202778Β enters the melting cylinder 8, where it is brought to a liquid state by heat and, as a result of rotation of the screw piston 9, passes through the nozzle 10 or the inlet channel 5 and reaches the die cavity. Here, the variable electromagnetic field generated by the high frequency generator 4 receives continuous direct heating, thereby filling the tool cavity 5 with low pressure, quickly and perfectly. Once this is done, the direct heating of the material is stopped, and by separating the tool halves 1,2, the finished workpiece can be removed from the tool cavity 5.

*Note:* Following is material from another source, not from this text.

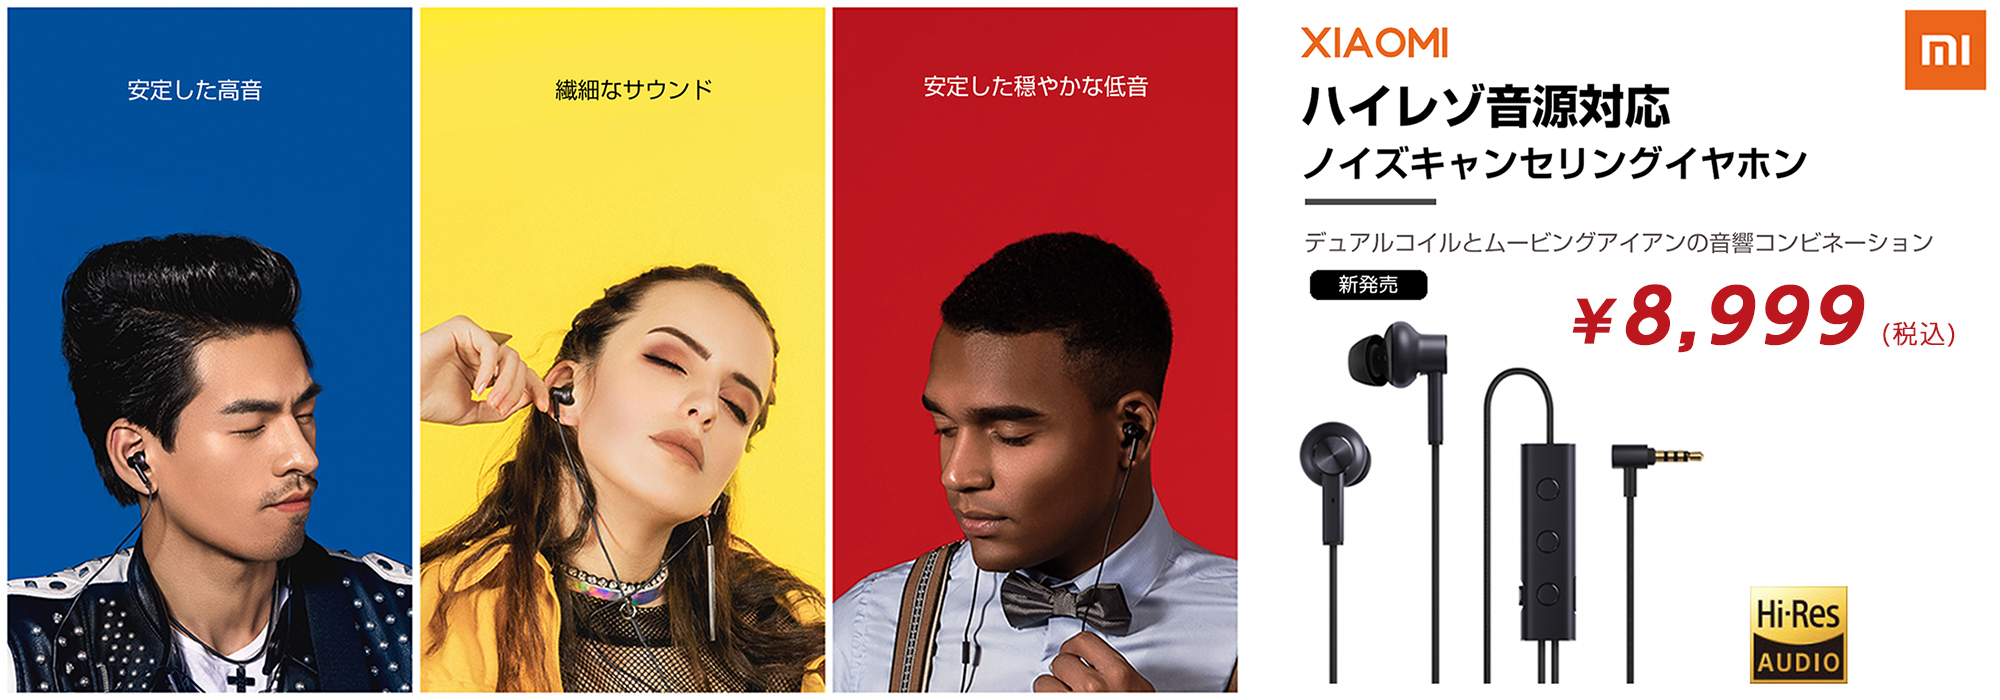 Xiaomi ワイヤレスイヤホン

The procedure is illustrated by the following examples:

Example 1

Hard PVC material is used for injection molding. The heat of exit from the bulk cylinder without using the invention should be above 185 ° C so that the tool cavity is completely filled. It can cool down to 120 ° C, which makes it impossible to complete the correct form. According to the invention the order of -10 in case of ^two tangent deltájú plastic - used 27 MHz generator, about 1 kW teljesítményleadással. In this way, approx. A tool fill time of 5 seconds is achieved while the temperature of the molten material remains at 180 ° C, which is ideal for filling.

2nd Bead

The procedure is the same as in Example 1, but with the aid of a 23 kHz ultrasound generator, the material is maintained in the mold cavity.

Example 3

Example 1 is also used, however, it is now approx. A microwave generator with a wavelength of 3 cm is used to hold the material inside the mold cavity.

Claims (6)

PATENT CLAIMS 1. A method of low pressure injection molding or injection molding of a thermoplastic material comprising the step of bringing the plastics material into a thermoplastic state in the molding cylinder of an injection molding machine, and then pressing, cooling and leaving the die, the heat generated by the molten plastic pressed into the mold cavity alone is thereby maintained at the outlet of the molten cylinder until the mold cavity is completely filled. Method according to claim 1, characterized in that the retention of the molten plastic embedded in the mold cavity is ensured by the formation of a variable electromagnetic field in the mold cavity by the dielectric loss. 3. The method of claim 1, wherein the heat retention of the molten plastic embedded in the mold cavity is bituminated in the mold cavity by ultrasound. A method according to claim 1, characterized in that the retention of the molten plastic in the mold cavity is ensured by microwave radiation in the mold cavity. Apparatus for carrying out the process according to claim 2, comprising tool halves (1,2) inserted into a plastic injection molding machine having a mold cavity (5) corresponding to the shape of the article to be manufactured, characterized in that the mold halves (1,2) have a high frequency generator (4). ) are connected as an electrode, furthermore, there is an insulating layer (3) between the tool elements (1,2) and one of the tool halves (1) is insulated from the plastic injection molding machine (6). Device according to Claim 5, characterized in that the tool halves (1, 2) are, for example, injection molded from ceramic or thermosetting plastic and optionally provided with a metal insert.